Work to be completed | In the data below, one line contains "Gâteau ananas renversé" and a later one contains "Beautiful Lacks Bedroom". Print both, with every line between them, exactly and alone.

*** Input material ***

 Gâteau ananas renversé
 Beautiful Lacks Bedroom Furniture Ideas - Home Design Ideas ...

***
*** Input material ***

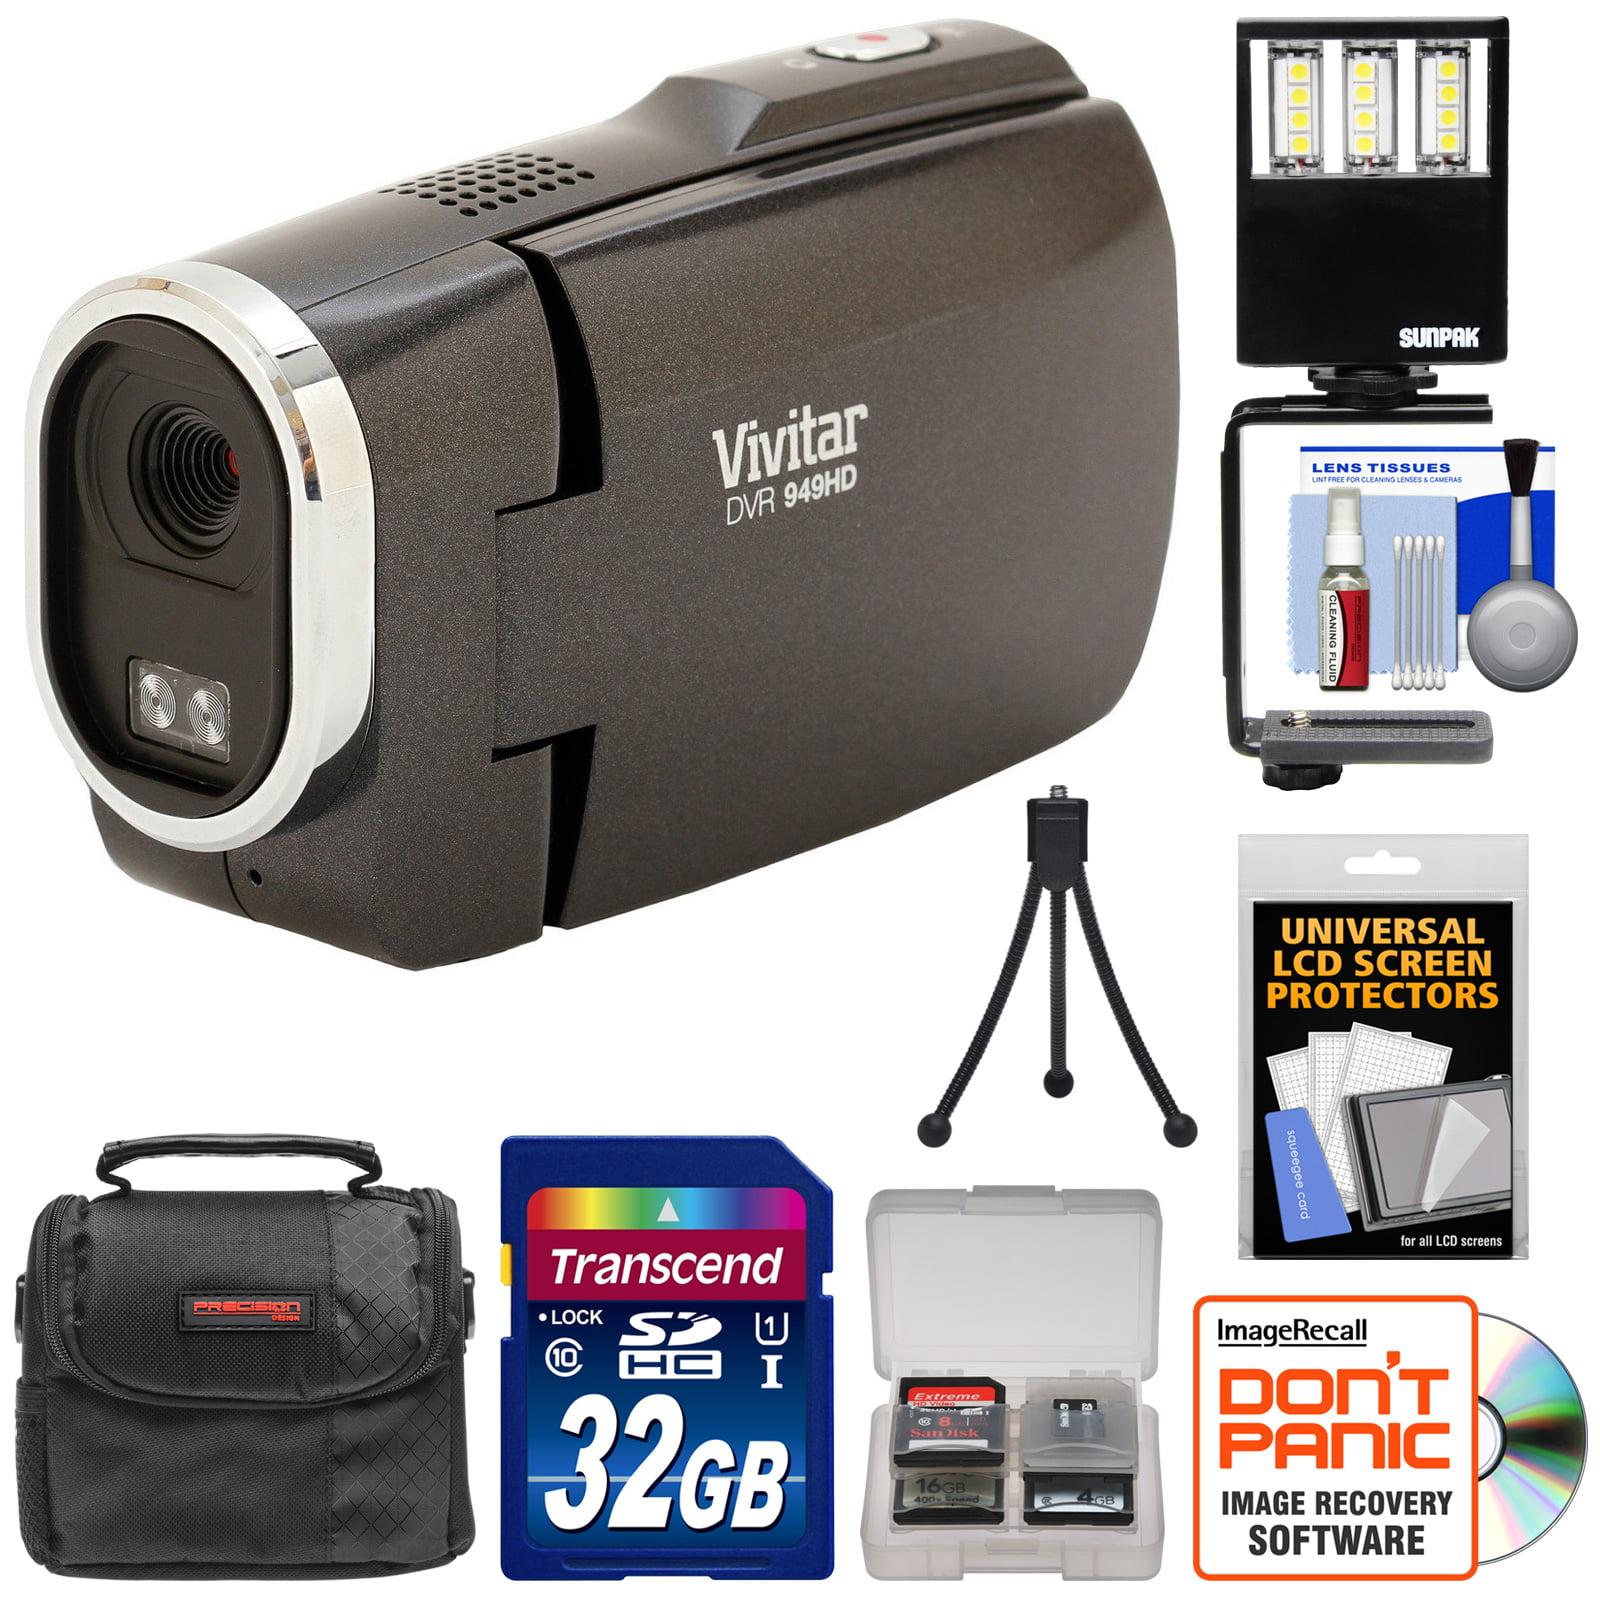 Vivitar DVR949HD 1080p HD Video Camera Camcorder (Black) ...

***
*** Input material ***

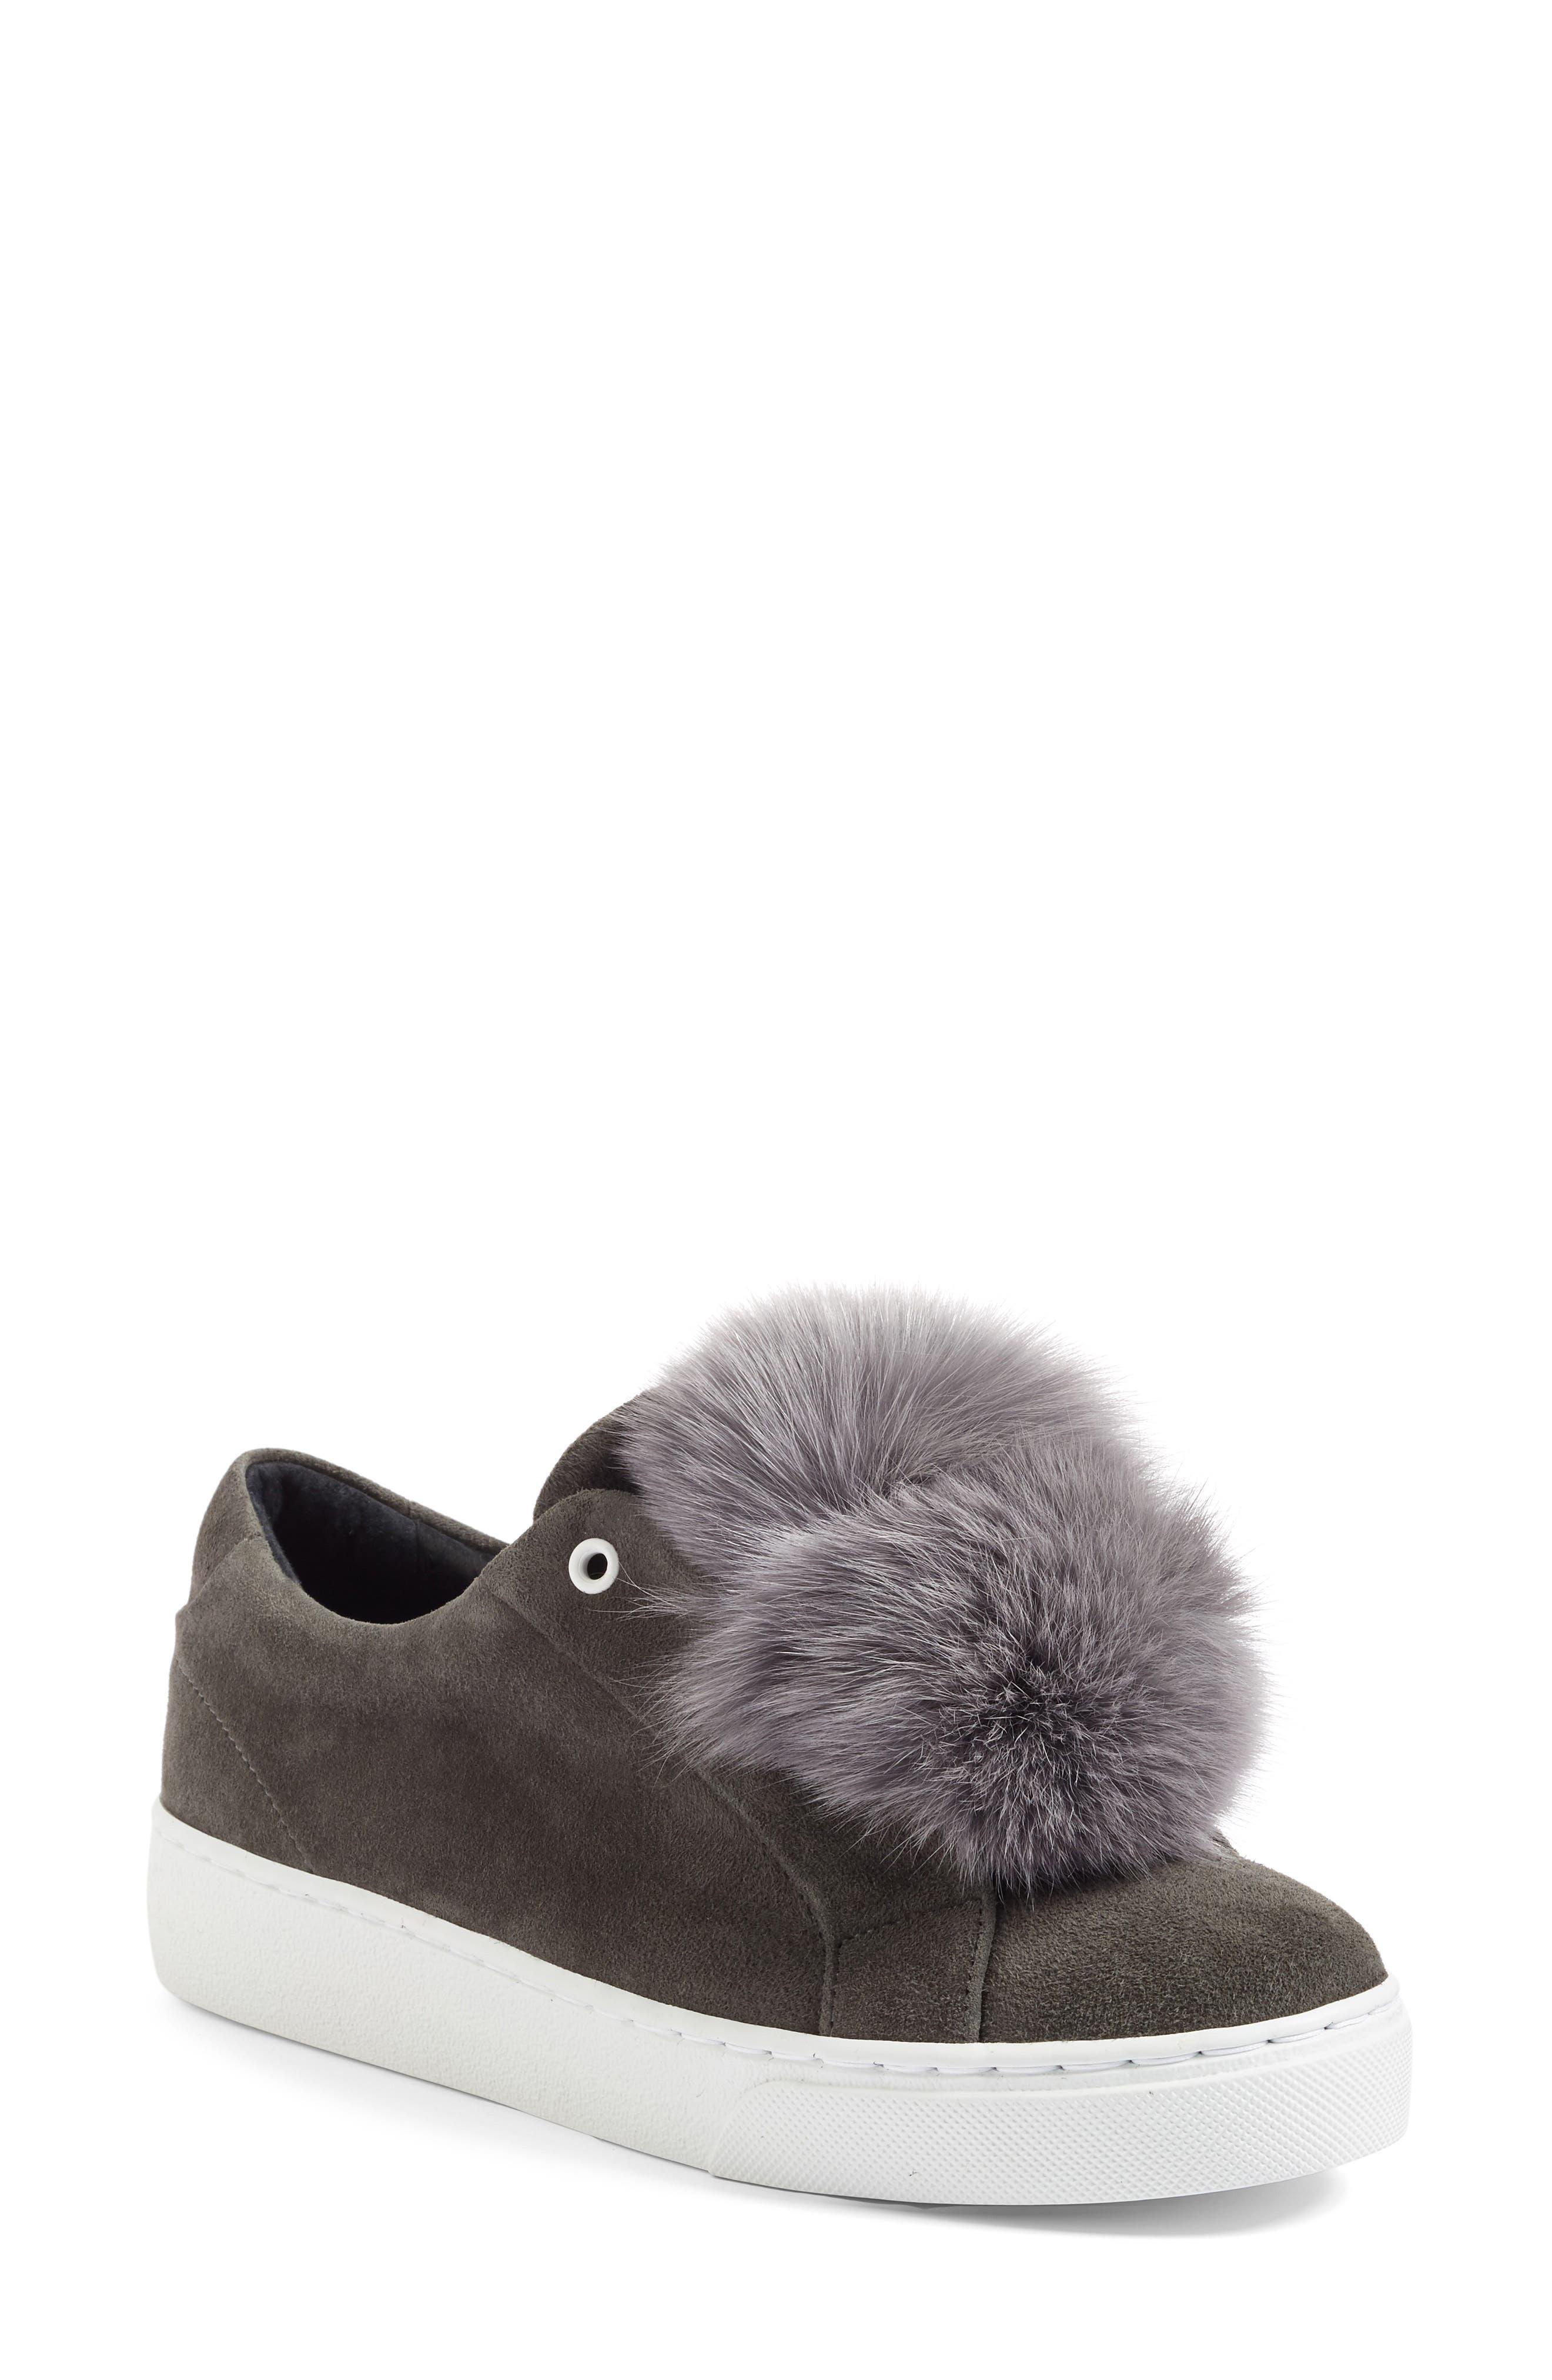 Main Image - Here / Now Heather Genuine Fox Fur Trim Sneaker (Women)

***

Completed task |
 Gâteau ananas renversé
 Beautiful Lacks Bedroom Furniture Ideas - Home Design Ideas ...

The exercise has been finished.